We might mention here that the latter 3 assumptions incorporate Schenker’s notion

that tonal music is constructed by applying transformations on a ‘Background’ consisting of a I-V-I harmonic progression in the Bass (Ursatz) and a descending melodic line (Urlinie), (Brown, 1989, 2005; Jonas, 1934).

Further elaboration of the harmonic progression As for the further definition of the underlying harmonic progression, we mention

three alternatives of increasing sophistication.
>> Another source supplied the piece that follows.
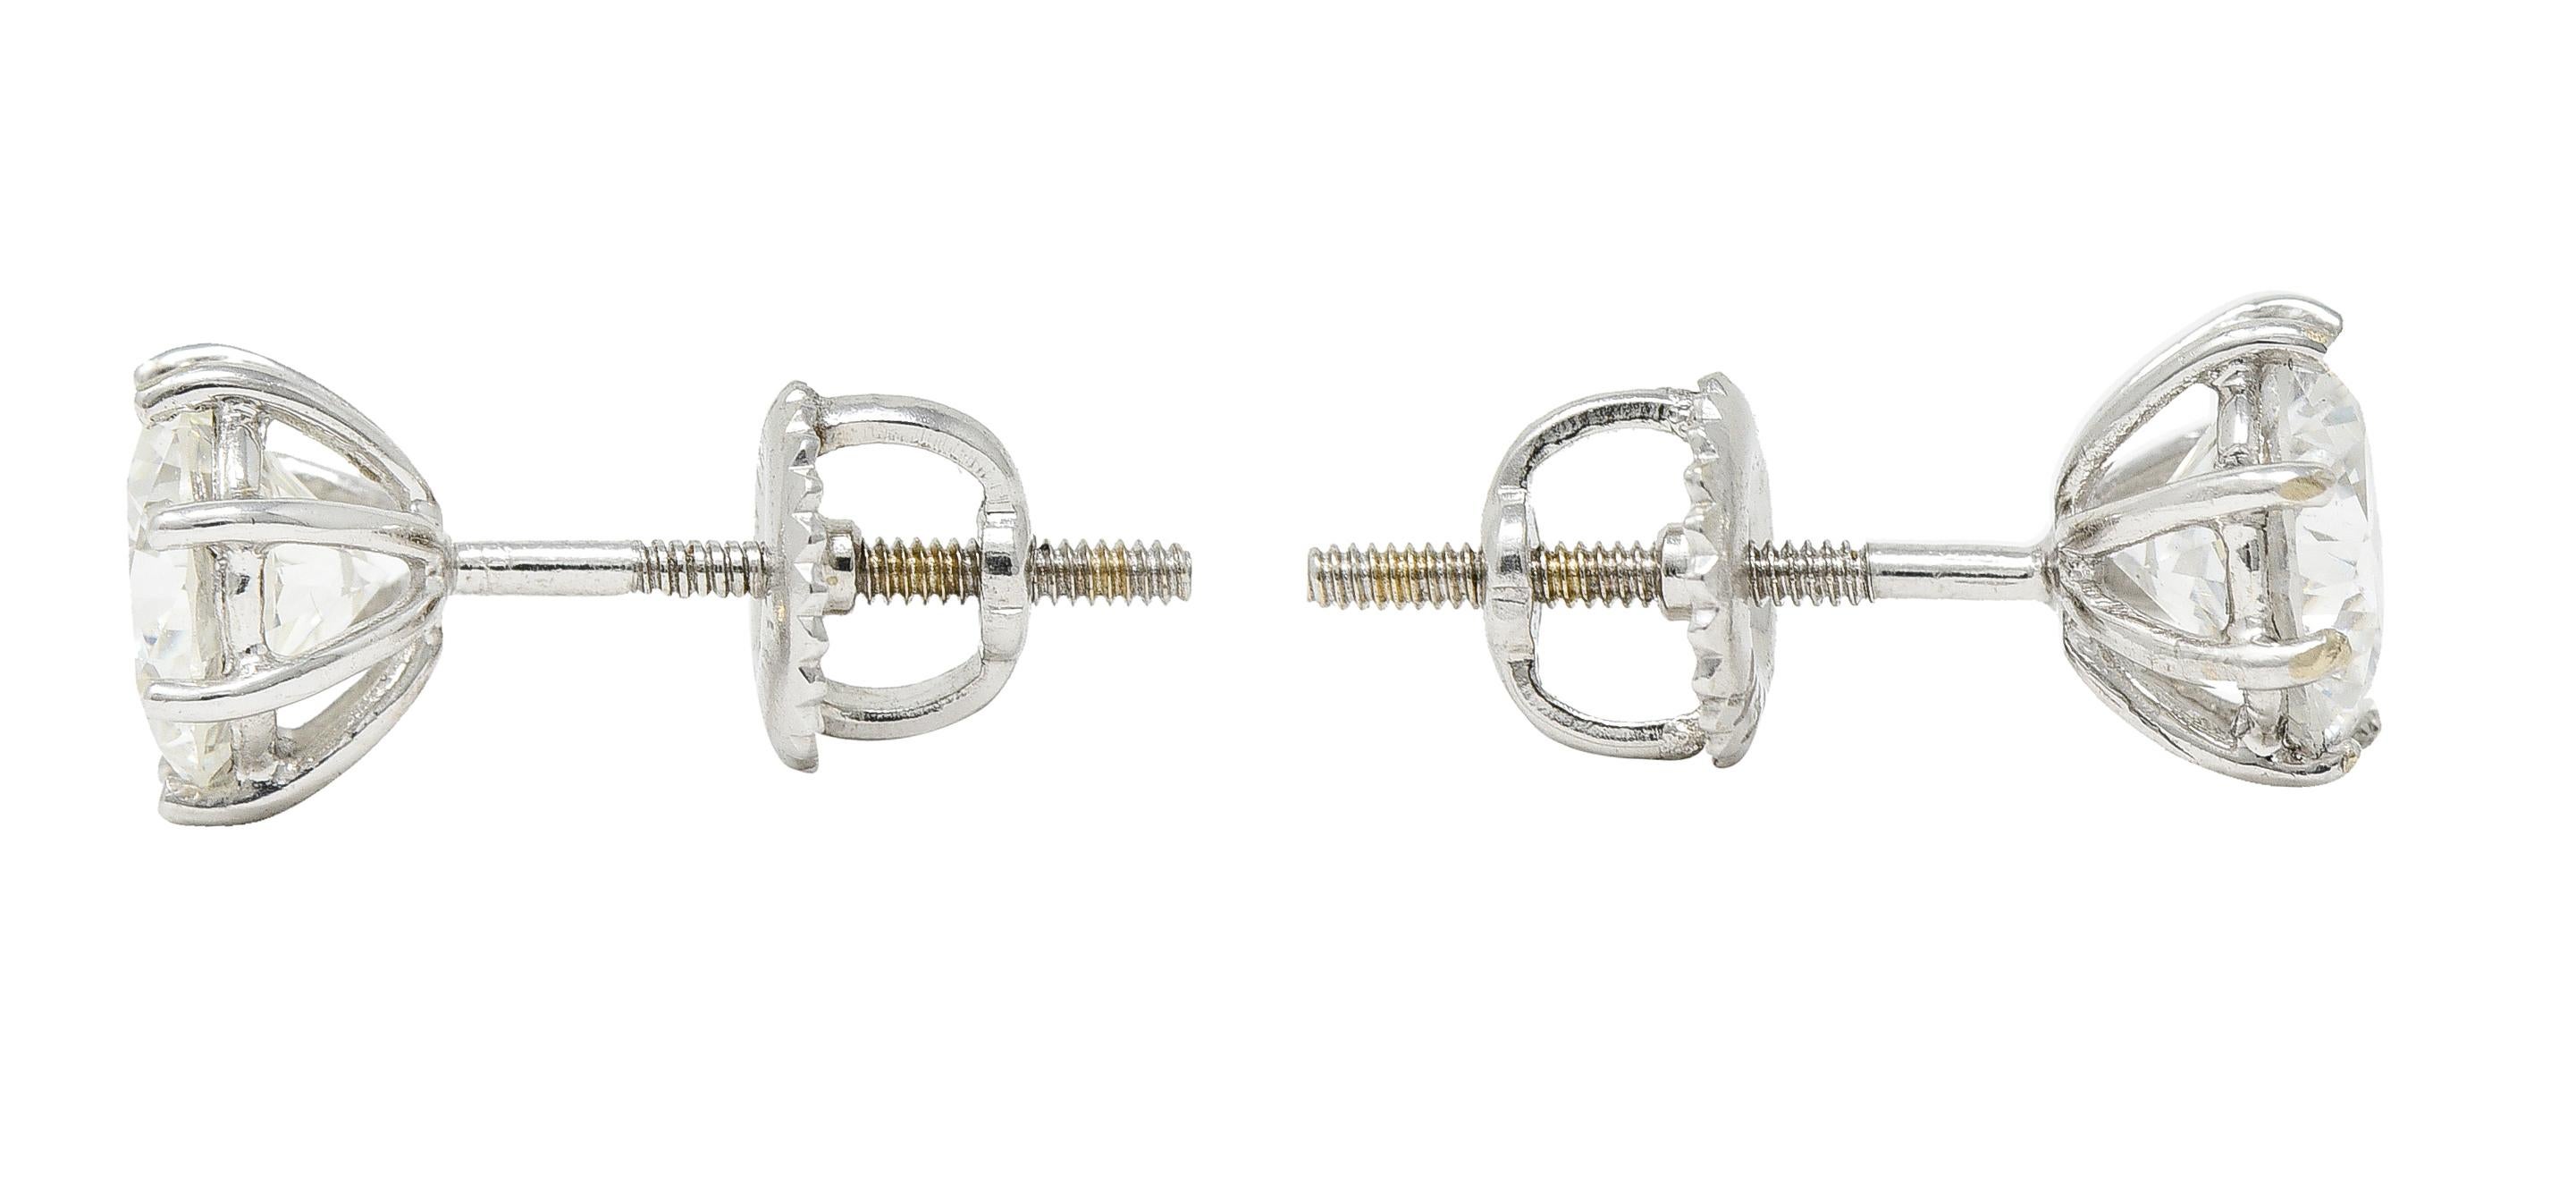 Stud earrings feature round brilliant cut diamonds - very well matched. One weighing approximately 0.92 carat with G color and VS2 clarity. Other weighs approximately 0.94 carat with H color and VS2 clarity. Securely set via eight prongs with a

Piston’s Table In his ‘Table of usual root progressions’, Piston (Piston & DeVoto, 1989, p. 21 and

44) lists the frequency with which a given chord is followed by an other chord in tonal music. Frequency of occurrence is loosely defined by the terms ‘usually’, ‘sometimes’ and ‘less often’. See Table 1. Since in this Table the choice of a chord is only determined by the previous chord, it only provides a first-order approximation of harmonic progressions in tonal music.


Table 1. The table of usual root progressions for the Major mode from Piston & DeVoto. Given a chord in the first column, the table shows the chords that succeed that chord, usually (1st column), sometimes (2nd column), or less often (3rd column).

Chord Is followed by

Sometimes by

Less often by

I IV or V VI II or III II V IV or VI I or III III VI IV I, II or V IV V I or II III or VI V I VI or IV III or II VI II or V III or IV I VII III I -

The phrase model theory According to this theory phrase construction is based on a harmonic progression of

the type I-PD-V-(I) (e.g. Laitz, 2003, p. 229 ff.), in which I and V respectively denote a tonic harmony (including possible elaborations) and a dominant harmony (plus possible elaborations). PD stands for a predominant harmony (triads on degrees other than I or V, especially the triad on IV). The model can be viewed as an extension of Schenker’s I-V-I Ursatz. This model is at present being implemented in the algorithm described below.

Sutcliffe’s harmonic phrase structure theory This theory assumes that the chord progressions found in tonal music consist of

structural and non-structural chords (such as passing chords), a notion shared with many other theories on harmony. Its central thesis is that after ornamental chords are eliminated from a chord progression, one basic phrase structure remains comparable to those found in language. This phrase has the following structure (see Figure 2):

Figure 2. Harmonic phrase structure according to Sutcliffe. See text for explanation.


A Phrase consists of two parts: an Opening section and a Closing section. The Opening section contains Static Harmony, basically tonic chords alternating with auxiliary chords. The Closing section consists of Dynamic Harmony and a Cadence. Dynamic Harmony is made up mostly of “strong root progressions” of three types: rising 4th, falling 3rd, and rising 2nd. The Cadence, finally, consists of a Dominant section and a Tonic section both of which can be prolonged by auxiliary chords. This basic structure can be extended in various ways by means of auxiliary chords. A detailed description of the theory can be found at http://www.harmony.org.uk/. This model is at present being implemented in the algorithm described below.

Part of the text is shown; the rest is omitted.